Primary antibodies included those targeted to the following: eIF4A (Cell Signaling Technology, 2013), eIF4A1 (Thermo Fisher Scientific, 711505), eIF4A2 (Abcam, ab31218), eIF4E (Cell Signaling Technology, 2067), eIF4G (Cell Signaling Technology, 2469), eIF3B (Thermo Fisher Scientific, PA5‐23278), eIF3D (Bethyl Laboratories, A301‐758A), eIF2α (Cell Signaling Technology, 5324S), Ser⁵¹‐phosphorylated eIF2α (Cell Signaling Technology, 3398S), ASCC1 (Bethyl Laboratories, A303‐871A), ASCC2 (Bethyl Laboratories, A304‐020A), ASCC3 (Proteintech, 17627‐1‐AP), HSP90 (BD Biosciences, 610419), the V5 epitope (Thermo Fisher Scientific, R960CUS), the HA epitope (Abcam, ab9110), and the FLAG epitope (Merck, F1804). Normal mouse immunoglobulin G was obtained from Santa Cruz Biotechnology (K1017).

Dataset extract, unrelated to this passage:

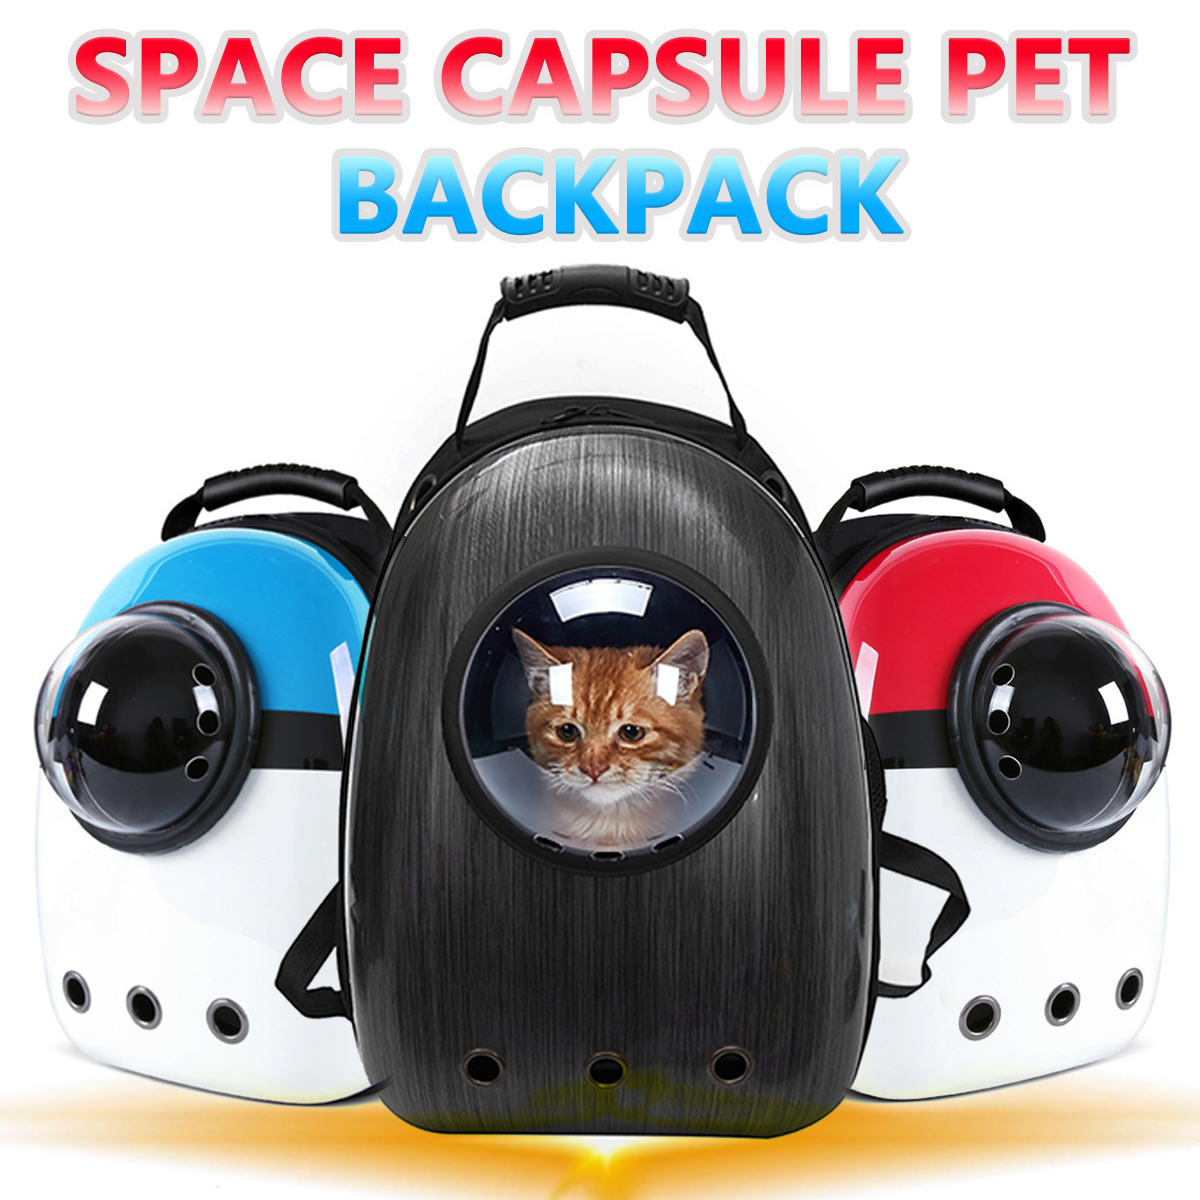 Pet Dog Cat backpack Travel cat carrier Double Shoulder Bag Space Capsule Cat Backpack for Bag Small Pet Handbag Cat carrying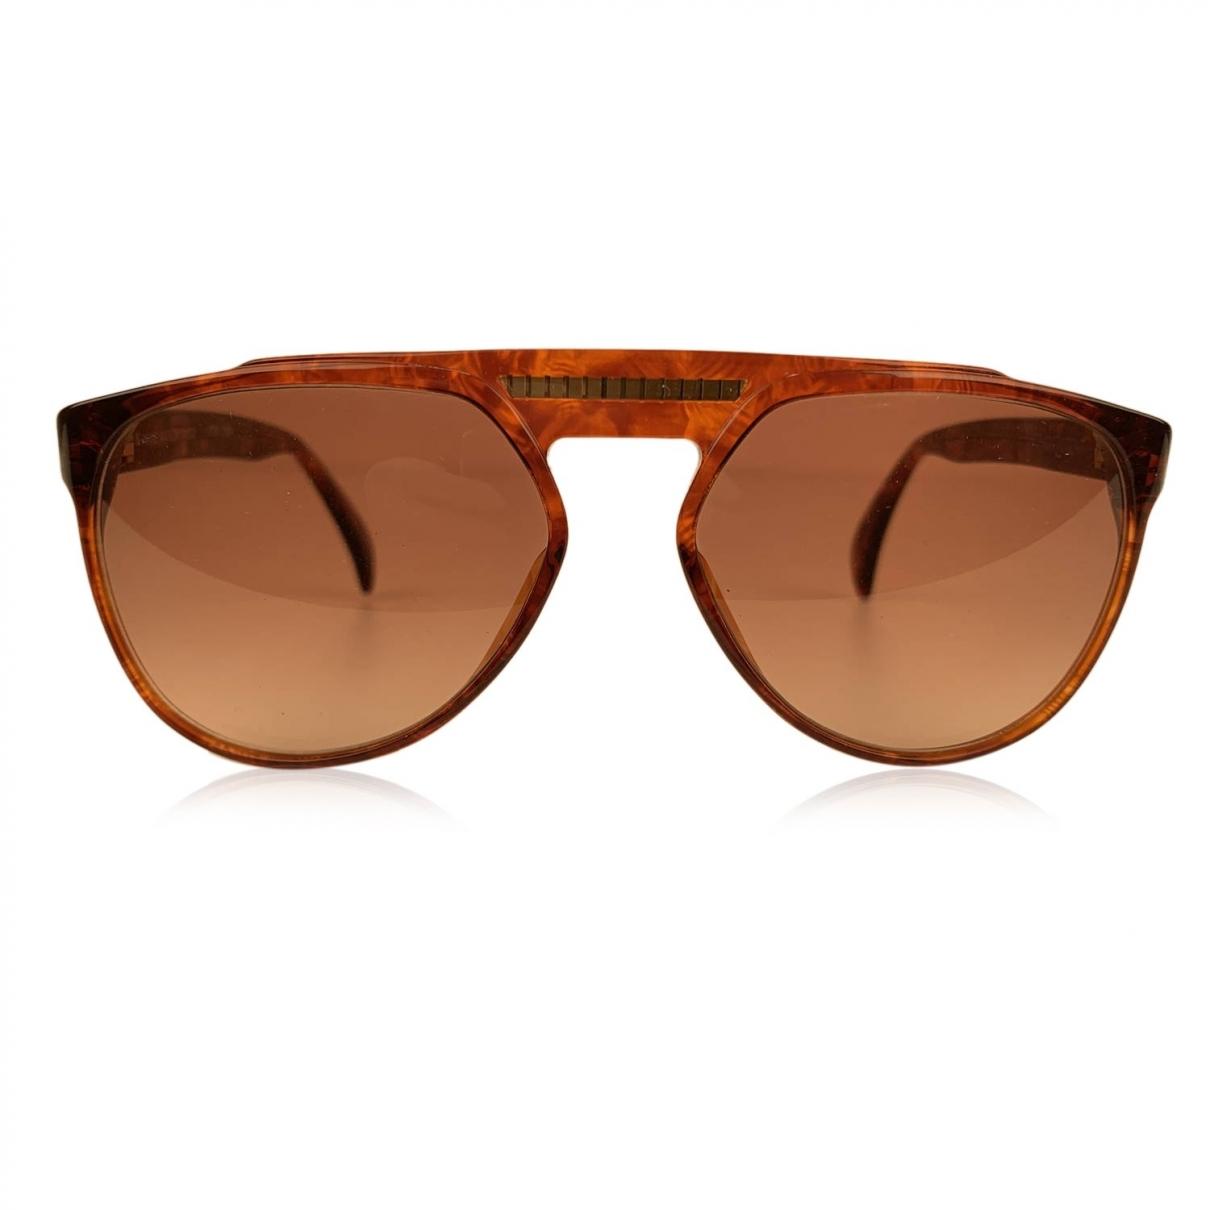 Yves Saint Laurent \N Brown Sunglasses for Women \N

Generation of KI cells for epitope‐tagged eIF4A1, ASCC3, and RPL7A

Sense and antisense oligonucleotides (Appendix Table S2) encoding single‐guide RNAs (sgRNAs) were cloned into pX330 (Addgene). Targeting constructs for homologous recombination were cloned in pBluescript II SK (Stratagene) with the use of a NEBuilder HiFi DNA Assembly Master Mix Kit (New England Biolabs). HEK293T cells were transfected for 24 h with targeting vectors and pX330 encoding sgRNAs and were then subjected to selection in medium containing puromycin for 2 weeks before establishment of clonal cell lines by limiting dilution. eIF3D‐V5/eIF4E‐FLAG dKI cells were established previously (Ichihara et al, 2021).

RNA interference

HEK293T cells were transfected with 10 nM siRNAs with the use of Lipofectamine RNAiMAX (Invitrogen). Silencer Select Pre‐Designed siRNAs (Thermo Fisher Scientific)—including negative control no. 1 (4390843), sieIF4A1 no. 1 (s4567), sieIF4A1 no. 2 (s4569), sieIF4A2 no. 1 (s4570), sieIF4A2 no. 2 (s4571), siASCC3 no. 1 (s21604), and siASCC3 no. 2 (s21605)—were used.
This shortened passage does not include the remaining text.